In the economic stimulus legislation that President Obama signed into law earlier this year, the FCC is directed to develop a "national broadband plan" that, among other things, reports to Congress how we can better take advantage of broadband to meet our nation’s needs in education, health care and other key areas. This is clearly intended to be a cross-cutting, multiagency effort, and on April 8 the FCC started the process.

The FCC’s planning effort presents the perfect opportunity for the U.S. government to take a comprehensive, holistic approach to these issues - because no matter how good we make our broadband networks (and they’re getting faster, and reaching more Americans, every day) our nation will never be able to take full advantage of what I like to call our "broadband opportunities" if we don’t comprehensively address the many legal and policy barriers to success.

A few weeks ago, I was an observer at a policy roundtable in Washington that explored broadband opportunities in areas such as education, health care and energy and barriers to achieving them. Read on to read about what was discussed, and my thoughts.

I heard a particularly compelling presentation by Susan Patrick, president and CEO of the International Association for K-12 Online Learning (iNACOL). She explained that "online learning" means much more than just "distance learning." It’s an efficient way to provide access to advance placement courses (one-third of high schools in the U.S. offer none), share master teacher resources (the entire state of Georgia has only 88 qualified physics teachers, and qualified only one in the last two years), and provide remediation learning.

The U.S. is not placing the kind of resources behind online education that other nations are, Patrick said. While the use of online education in the U.S. is growing 30 percent a year, that still means only one million students took advantage of such courses last year. By contrast, there was no online learning at all in Turkey three years ago – today, thanks to public/private partnerships, 15 million kids are participating.

Meanwhile, Singapore has 100 percent of its secondary school student population using online learning. In fact, every year they shut down all the schools to celebrate "E-Learning Week" and conduct all coursework online. China put its entire K-12 curriculum online three years ago. Mexico has done the same thing, while also providing a laptop to every teacher, and training every teacher in how to use online learning.

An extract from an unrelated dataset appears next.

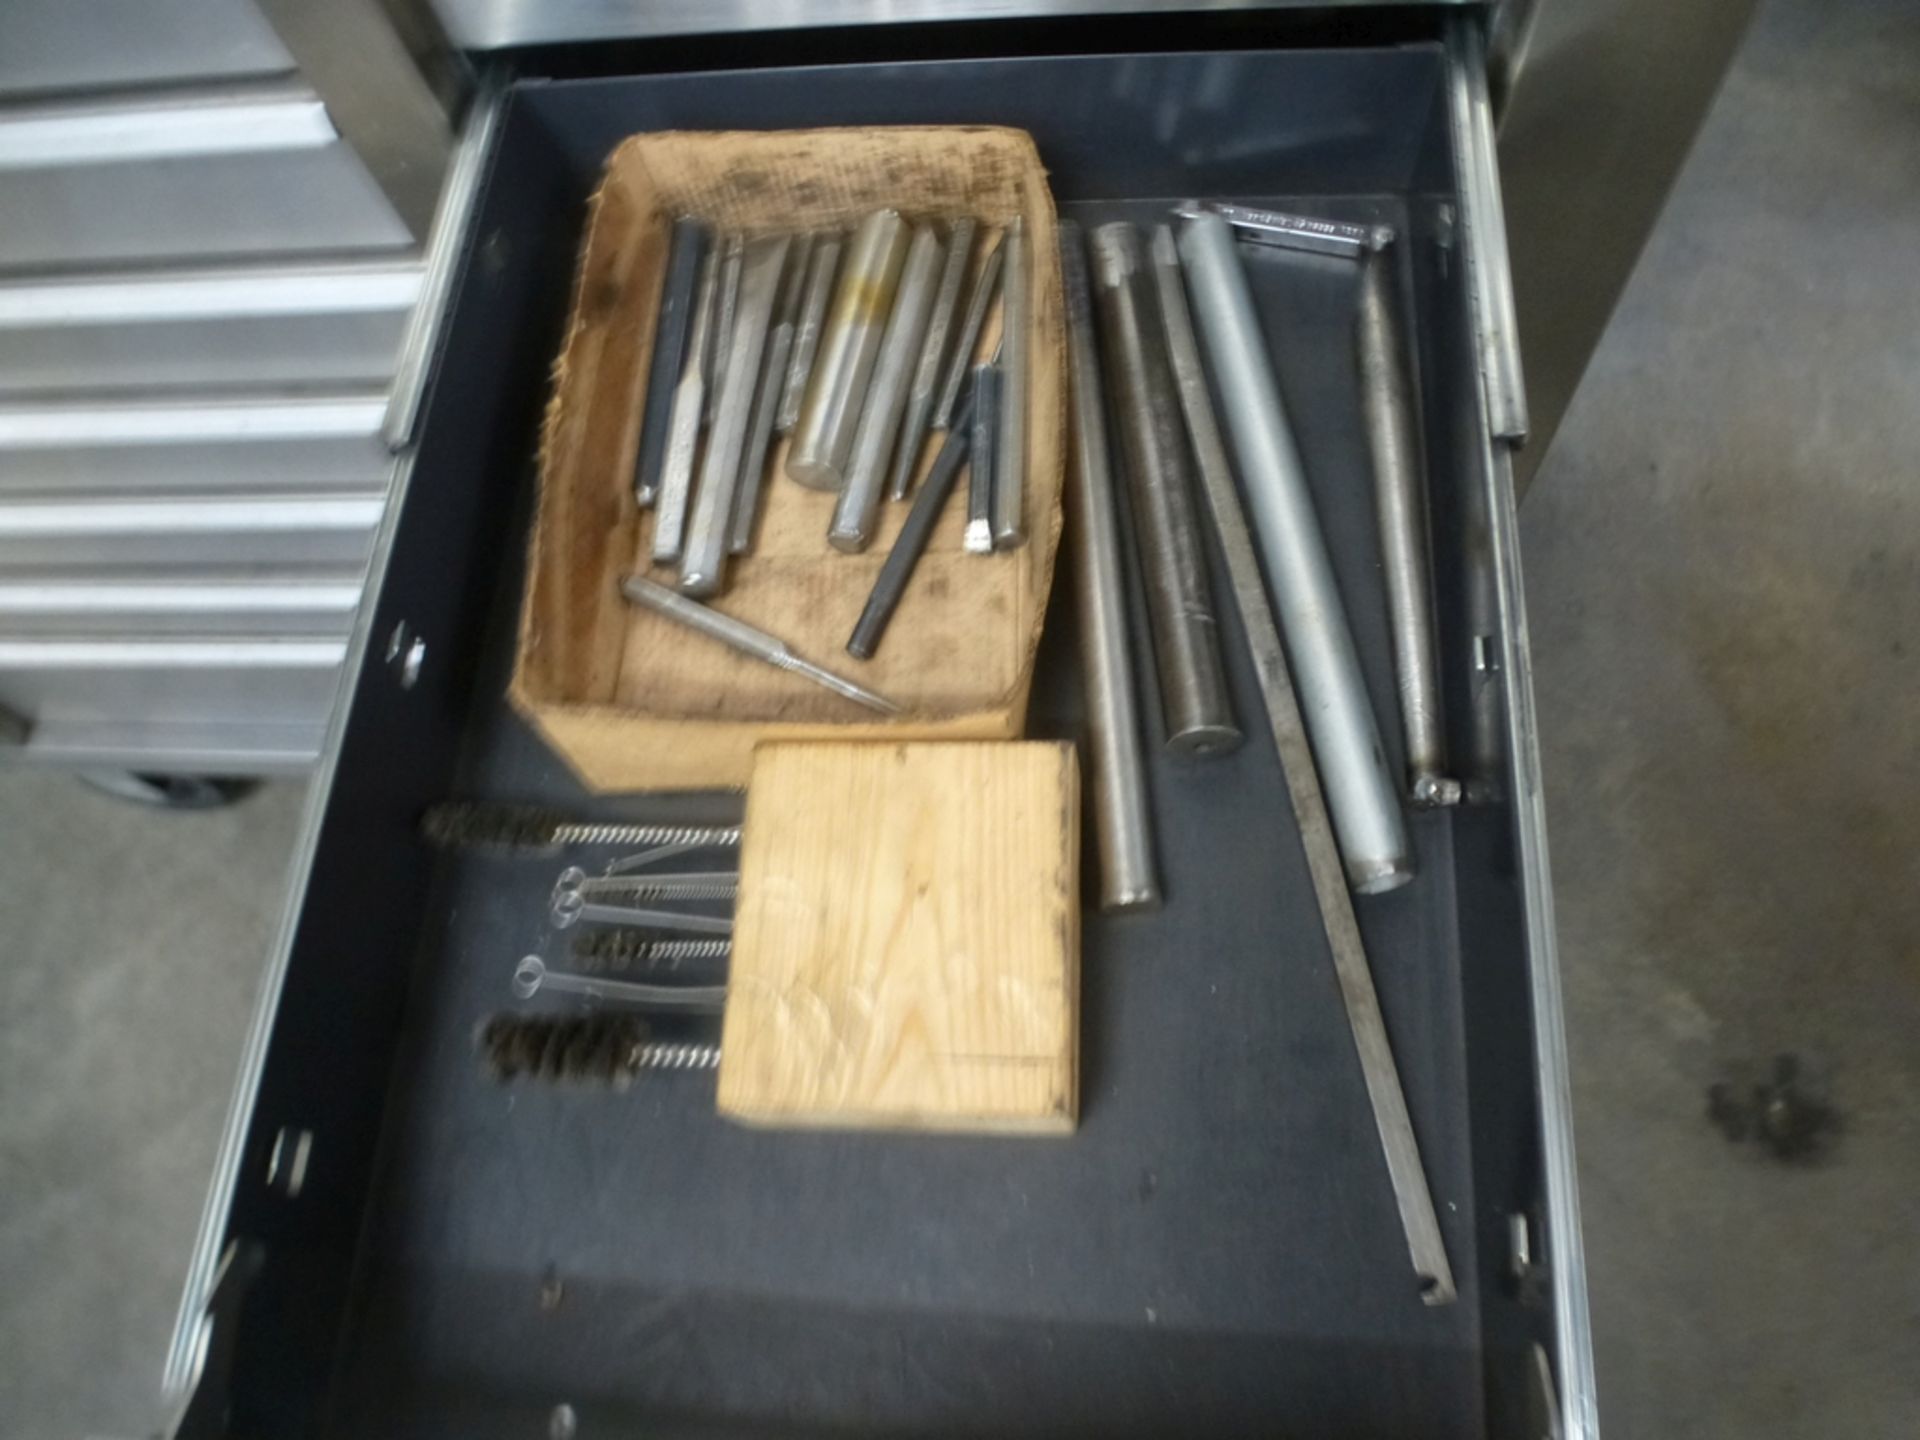 Toolbox w/ Tremendous Amount of Tools - North Spartanburg, SC - Image 18 of 31
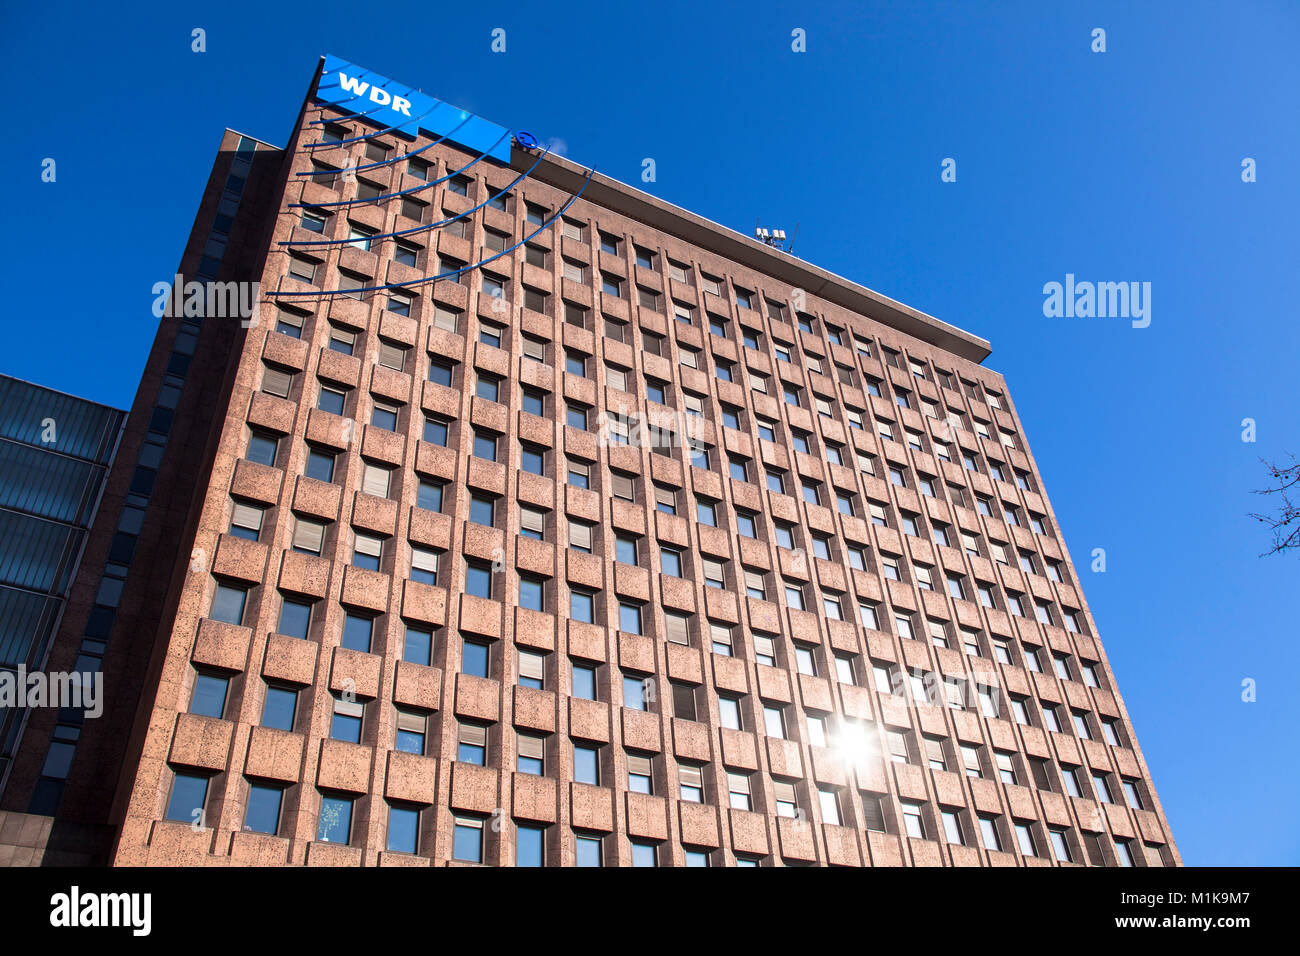 Germany, Cologne, the Archivhaus building of the Westdeutscher Rundfunk or West German Broadcasting Cologne, a German public-broadcasting institution  Stock Photo

What stands in the way of wider use of online learning in the U.S.? Patrick identifies a number of barriers, including divergent state academic standards ("there really aren’t 50 different ways to teach Algebra 1"), failure of states to provide adequate appropriations for the "virtual schools" they have, failure to make competency in online instruction part of teacher qualification criteria, and – despite a decade-long effort through the E-Rate program to get schools online –a continuing lack of sufficient broadband resources in the schools.

What can we do? Patrick offers a number of recommendations: remove the legal restrictions that bar the Department of Education from even exploring national curriculum standards, use federal dollars from existing programs (like No Child Left Behind and the new economic stimulus program) to expand educational options and reach more kids in school and at home with broadband, target more federal teacher training dollars toward online teaching, and benchmark our online education efforts against the top 10 countries (something she says the National Governors Assn. wants to do and that Education Secretary Duncan supports).

This is the kind of holistic thinking that I hope will inform the FCC’s national broadband plan.